GridSearchCV extremely slow with DataFrameMapper?
andytwigg opened this issue · 13 comments
I have a dataframe, not particularly large (~3000 rows, 250 cols) on which I do the following:
df = ...
obj_cols = [(c, LabelBinarizer()) for c in X.columns if X.dtypes[c]=='O']
num_cols = [(c, StandardScaler()) for c in X.columns if X.dtypes[c]<>'O']
param_grid = {
'clf__loss': ['hinge', 'log', 'modified_huber'],
'clf__penalty': ('l1', 'l2', 'elasticnet'),
}
pipeline = sklearn.pipeline.Pipeline([
('mapper', sklearn_pandas.DataFrameMapper(obj_cols+num_cols)),
('clf', SGDClassifier()),
])
grid_search = sklearn_pandas.GridSearchCV(pipeline, param_grid)
grid_search.fit(df[data], df[target]) # this is REALLY slow
From a quick glance, it seems to spend all its time indexing dataframe objects. The following 2 pieces of code are very fast:
for params in ParameterGrid(param_grid):
pipeline.set_params(params)
X_train, y_train, X_test, y_test = sklearn.cross_validation.train_test_split(df[data],df[target])
pipeline.fit(X_train, y_train)
score = pipeline.score(X_test, y_test)
X=mapper.fit_transform(df[data], y)
pipeline = Pipeline([ ('clf',SGDClassifier()) ])
grid_search = sklearn.cross_validation.GridSearchCV(pipeline,param_grid)
grid_search.fit(X,y)
So it must be something to do with using GridSearchCV with the DataFrameMapper. Any ideas?
More generally, is there a better way to handle categorical variables?
Could you please try to provide a code snippet that generates random that exhibits the same behavior?
It would also be interesting to report the output of a profiler, for instance using the %prun
magic command in an IPython session.
import numpy as np
import pandas as pd
import random
import sklearn_pandas
import sklearn.pipeline
from sklearn.preprocessing import LabelBinarizer, StandardScaler
from sklearn.linear_model import SGDClassifier
n = 1000
k = 100
cols = dict([(str(c),np.random.randint(1000, size=n)) for c in range(k)])
df = pd.DataFrame(cols)
df['target'] = np.random.randint(2, size=n)
data = list(range(k))
target = 'target'
obj_cols = [(c, LabelBinarizer()) for c in df.columns if df.dtypes[c]=='O' and c<>target]
num_cols = [(c, StandardScaler()) for c in df.columns if df.dtypes[c]<>'O' and c<>target]
param_grid = {
'clf__loss': ['hinge', 'log', 'modified_huber'],
'clf__penalty': ('l1', 'l2', 'elasticnet'),
}
pipeline = sklearn.pipeline.Pipeline([
('mapper', sklearn_pandas.DataFrameMapper(obj_cols+num_cols)),
('clf', SGDClassifier()),
])
grid_search = sklearn_pandas.GridSearchCV(pipeline, param_grid, verbose=2)
grid_search.fit(df[data], df[target]) # this is REALLY slow
from %prun
ncalls tottime percall cumtime percall filename:lineno(function)
830 1.623 0.002 129.768 0.156 __init__.py:71(_get_col_subset)
225830 1.588 0.000 104.399 0.000 series.py:489(__getitem__)
...
28 0.009 0.000 0.011 0.000 {sklearn.linear_model.sgd_fast.plain_sgd}
Is this helpful?
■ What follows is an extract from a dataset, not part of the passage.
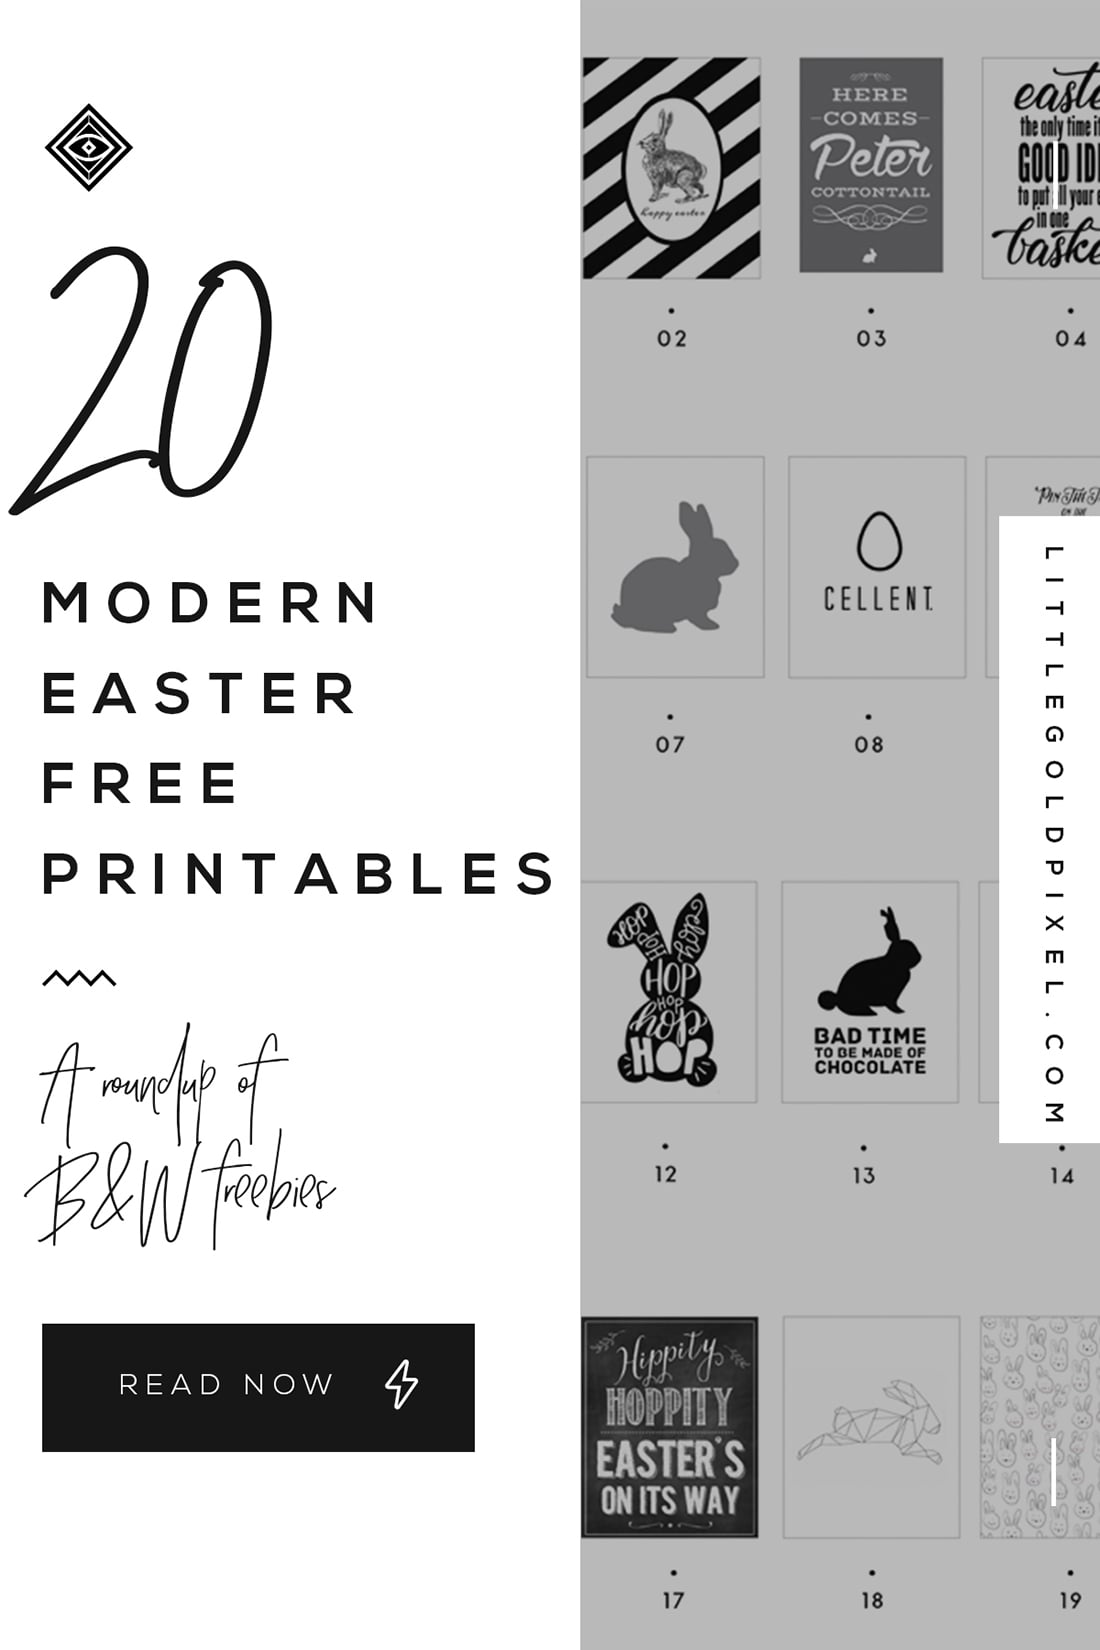 Modern Easter Free Printables • A roundup • Little Gold Pixel

It seems that almost all time is spent in _get_col_subset
I'm seeing very similar behavior with sklearn_pandas.cross_val_score
, I believe.
I've been investigating this and the culprits seem to be these lines:
time unit: 1e-6 s
Line # Hits Time Per Hit % Time Line Contents
==============================================================
90 @profile
91 def _get_col_subset(self, X, cols):
...
105
106 45 27 0.6 0.0 if isinstance(X, list):
107 295 126293 428.1 70.4 X = [x[cols] for x in X]
108 45 48792 1084.3 27.2 X = pd.DataFrame(X)
Apparently the DataWrapper
prevents sklearn
cross-validation functions to turn the dataframe into a numpy array before getting to get_col_subset
. Since the DataWrapper
instance doesn't have a shape
attribute, sklearn.cross_validation._safe_split
returns a list of series corresponding to each row (example) to take part into CV. These Series are later grouped again in a dataframe inside the _get_col_subset
method.
I'm not sure what is the best way to deal with this. Replacing the previous two lines with:
X = pd.DataFrame(X)
and leaving the cols slicing to the later code in the same function seems to provide a good speedup (around 3x) but I still have to write tests to ensure it doesn't break anything.
Perhaps we can get better speedups without the lists trick, but I don't know how to do that and at the same time avoid sklearn turning the dataframe into a numpy array.
Ideas welcome! :)
Hm, I was testing it with scikit-learn==0.15.2
. It looks like this might be already solved in scikit-learn>=0.16.0
, since it uses an indexable
function to check the input instead of check_arrays
.
See #26 (comment) and https://github.com/scikit-learn/scikit-learn/blob/0.16.0/sklearn/cross_validation.py#L1350.
Perhaps we should just write in the documentation that the custom cv-wrappers are only needed for scikit-learn<0.16.0
and that's all. What do you think @zacstewart ?
I think documenting that is a good idea, but also maybe pass-through sklearn_pandas.GridSearchCV
to sklearn
itself depending on the version. Is something like this worth uglying up the code to make it future-friendly?
from distutils.version import StrictVersion
if StrictVersion (sklearn.__version__) > StrictVersion('0.16'):
sklearn_pandas.GridSearchCV = sklearn.grid_search.GridSearchCV
I don't think it's worth uglying up the code that way. We can say that these wrappers are deprecated and will be eventually dropped in sklearn-pandas
2.0. I will however make sure in a test that sklearn.grid_search.GridSearchCV
in scikit-learn>=0.16.0
works with a DataFrameMapper
in a pipeline.
@zacstewart can you review #48 please? It's a really minor addition but I always like the four-eyes approach to changes. :-)
Along those lines: Unfortunately the function CalibrateClassifierCV introduced in sklearn 0.16 does not seem work with DataFrameMappers in a pipeline (this is still the case in sklearn 0.17)